◆ Description of the task:
What you should repeat is the run of lines from the top of the listing below through the line with "2018款北京BJ40 PLUS自动变速器机械液压系统维修手册1", exactly, with no pictures.
---- Data extract
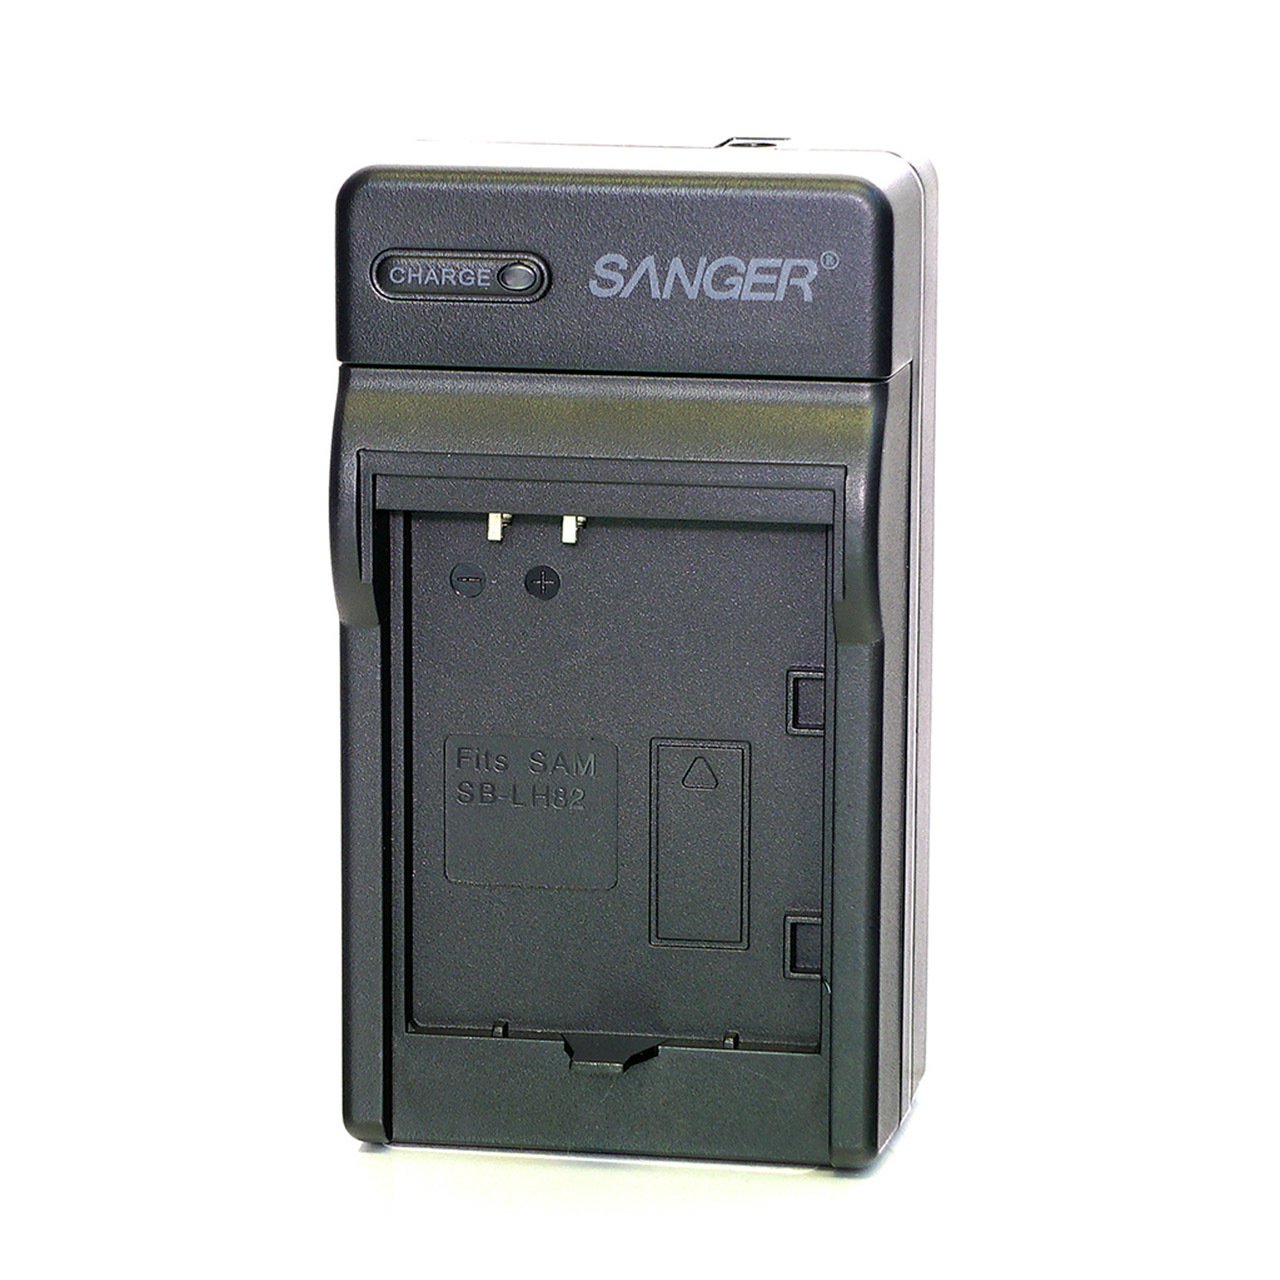 Sanger SB-LH82 Samsung Video Kamera Batarya Şarj Aleti
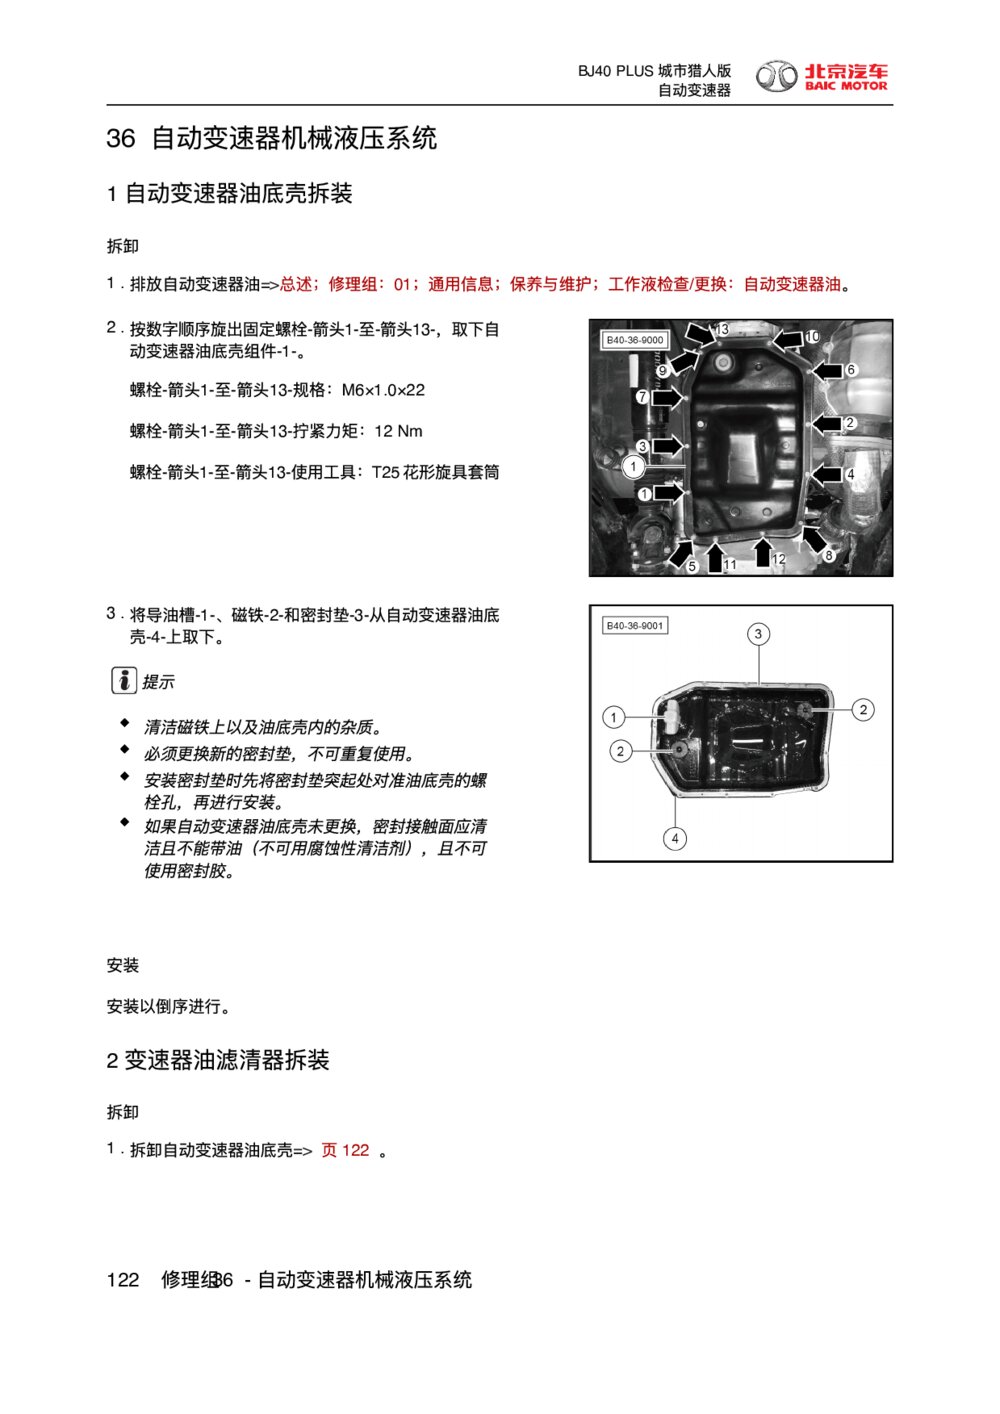 2018款北京BJ40 PLUS自动变速器机械液压系统维修手册1
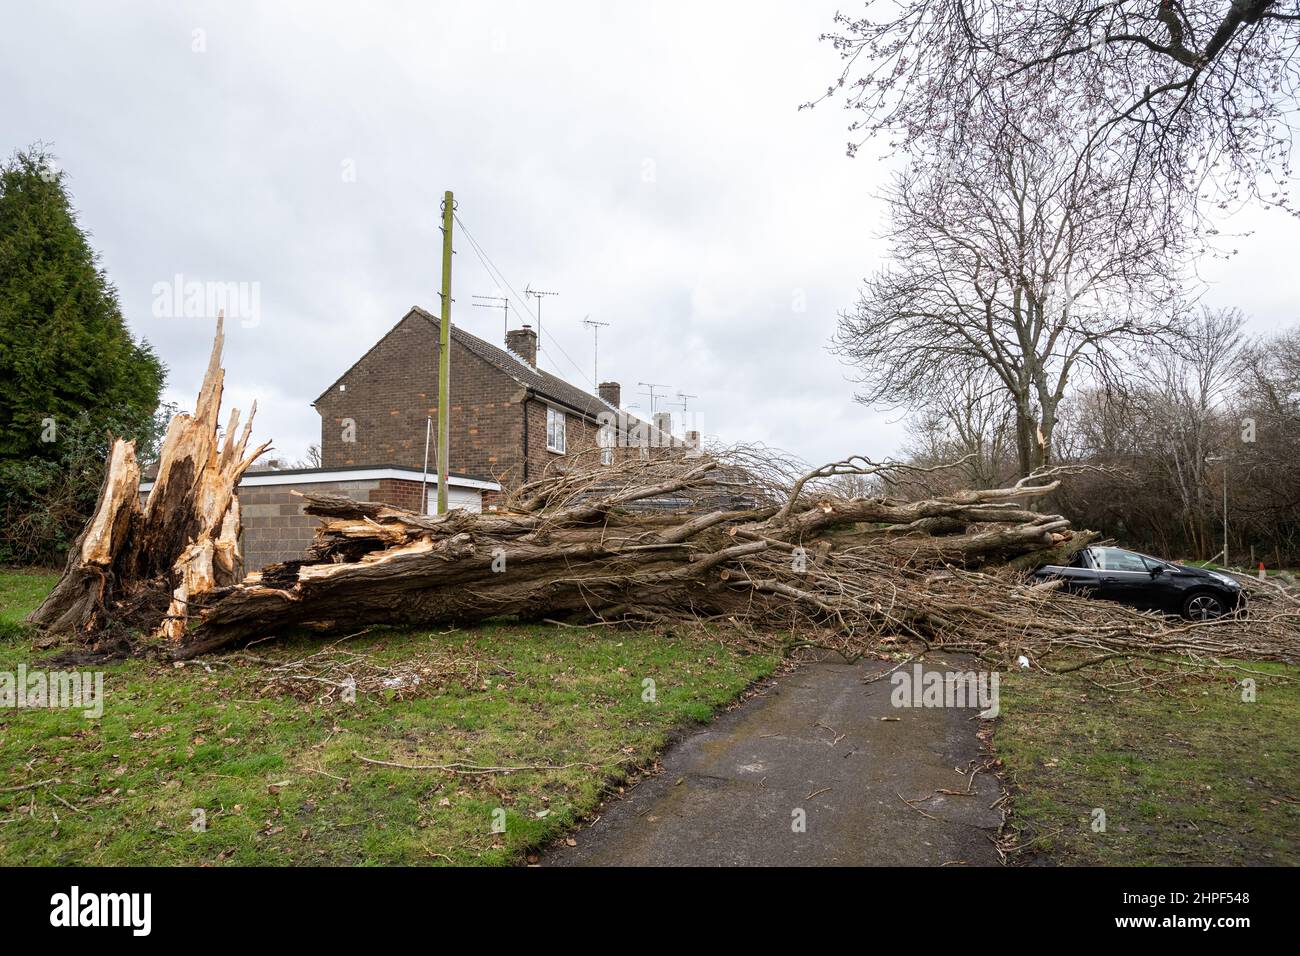 Febrero 2022, Storm Eunice Daño. Un coche aparcado fuera de las casas fue aplastado por un gran árbol caído durante la tormenta Eunice en Marrowbrook Lane, Farnborough, Hampshire, Inglaterra, Reino Unido. La velocidad de viento más alta jamás vista en Inglaterra de 122 mph fue registrada durante la tormenta que ocurrió el 18th de febrero de 2022, una de las tres tormentas nombradas en 5 días. El clima extremo está relacionado con la crisis del cambio climático. Foto de stock
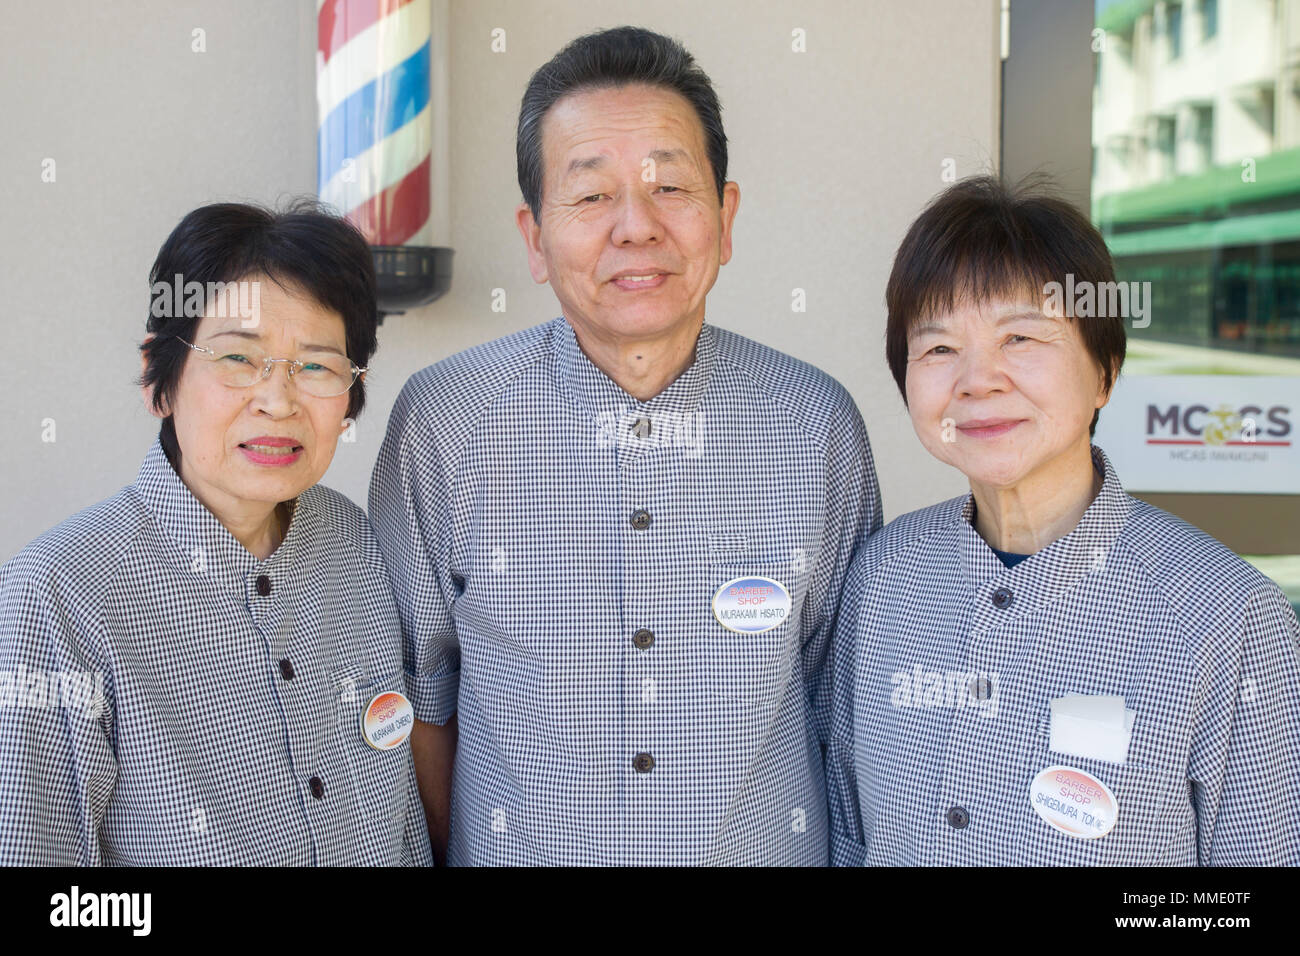 Chieko Murakami, Links, Hisato Murakami, Mitte und Tomie Shigemura, Friseure in der Marine Corps Air Station Iwakuni, Japan arbeiten, posieren vor dem Torii Kiefern Friseur an der Air Station, Okt. 25, 2017. Sie sind derzeit drei der Ältesten beschäftigt japanische Arbeiter an der Basis. Shigemura begann im Jahre 1970, und Hisato und seine Frau, Chieko, schlossen sich ihr ein Jahr später. Nach fast einem halben Jahrhundert, diese Friseure haben ihre Scherer durch die Haare der unzähligen Marines Pfiff. Vom Hund Tage der Vietnam Krieg zu dem laufenden Krieg gegen den Terror haben Sie Summte ihren Weg durch die Zeit bei WAB Iw Stockfoto
--------
◆ Solution to this problem:
 Sanger SB-LH82 Samsung Video Kamera Batarya Şarj Aleti
 2018款北京BJ40 PLUS自动变速器机械液压系统维修手册1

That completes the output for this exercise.